Regardless of that, assuming this strange alliance of hardliners and Nu Nats does hold togther for the next two months, what are its prospects of success - and by "success" I mean the minimum position of forcing a leadership ballot?
Well, things have moved on a bit since last year's abortive leadership challenge. There has been almost unremitting bad news for Nick Griffin, a continuing exodus of members, the abject failure of the recent elections, former Griffinites defecting to the Butler and non-Butler reform camps or leaving altogether, Andrew Brons's increasingly belligerent disaffection and contempt... all these things are making Griffin and Harrington jittery, knowing that support has ebbed away substantially. They suspect that the jiggery-pokery that worked last summer won't work this, and that even if it did, this time threats of legal action may not be as hollow as those uttered by Butler. They are also nagged about Brons and the slight possibility that he may step in at the last moment while Edmonds pulls out - the very worst of the possibilities running through their minds.
It is no coincidence that this week Griffin is holding a series of "Way Forward" meetings, allegedly for activists but effectively for a chosen few. Dressed up as being to "discuss ways of moving the party forward", the real motive appears to be to guage support for Griffin and to win approval for an early EGM to discuss (if that is the word for something that will be pre-planned down to the last detail) new constitutional arrangements.
Under current arrangements, the period for leadership nominations opens on July 20th, but - crucially - Griffin plans to hold the all-important EGM six days earlier, on July 14th. Any variation in the BNP's constitution would apply from that date.
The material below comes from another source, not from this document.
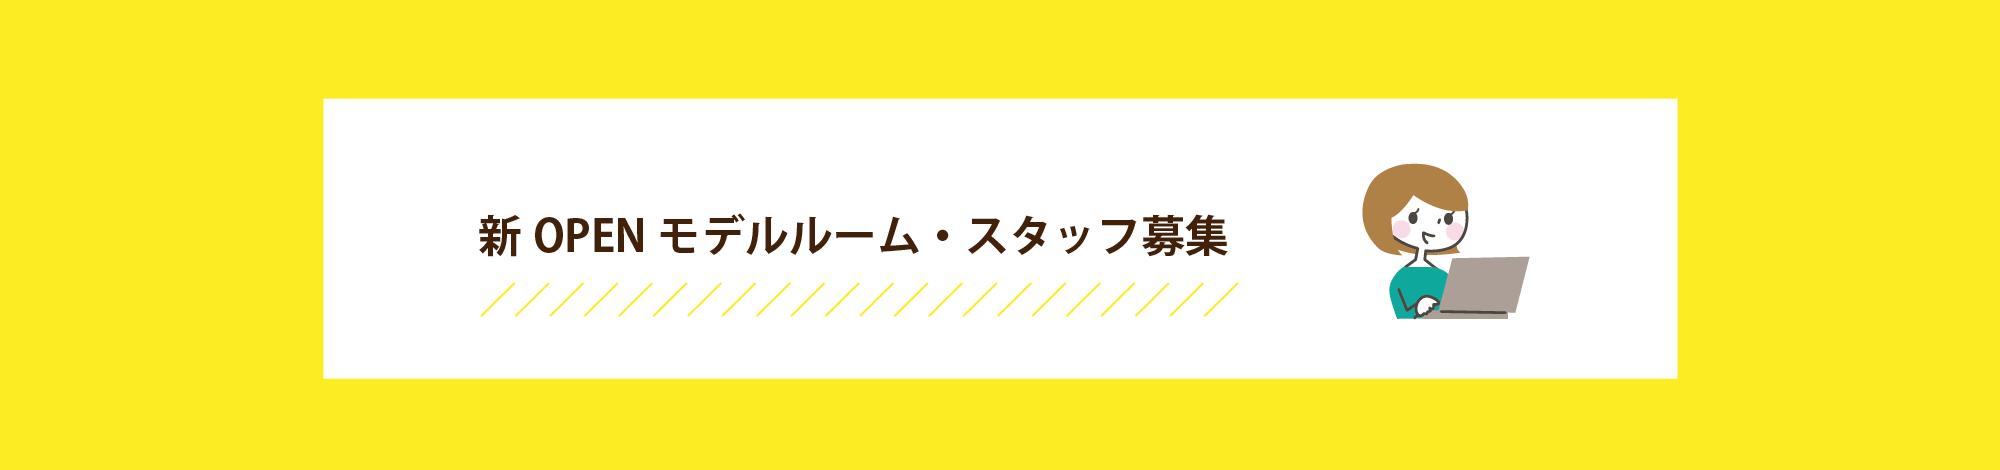 新OPENモデルルーム・スタッフ募集

Exactly what changes Griffin plans are unclear. What we may be certain of is that they will be geared solely to saving his skin. To that end he may risk the continuance of the current nominations process but increase the percentage required to trigger a leadership contest to something he believes cannot be obtained. He may do this in conjunction with a proposal to extend a chairman's term of office to four years.
Another possibility is that he will press for his current term be extended to four or five years, perhaps in return for the "concession" that the existing Byzantine challenge process be ditched or modified.
Whatever, Griffin and Harrington and their inner circle will strive mightily to ensure that no challenge can be mounted on July 20th. Their control of the BNP and their ability to (shall we say?) "influence" vital meetings is the last weapon they have, all that stands between them and defeat.
And all that stands between Griffin and an open analysis of those mysterious BNP accounts - the core and locus of it all.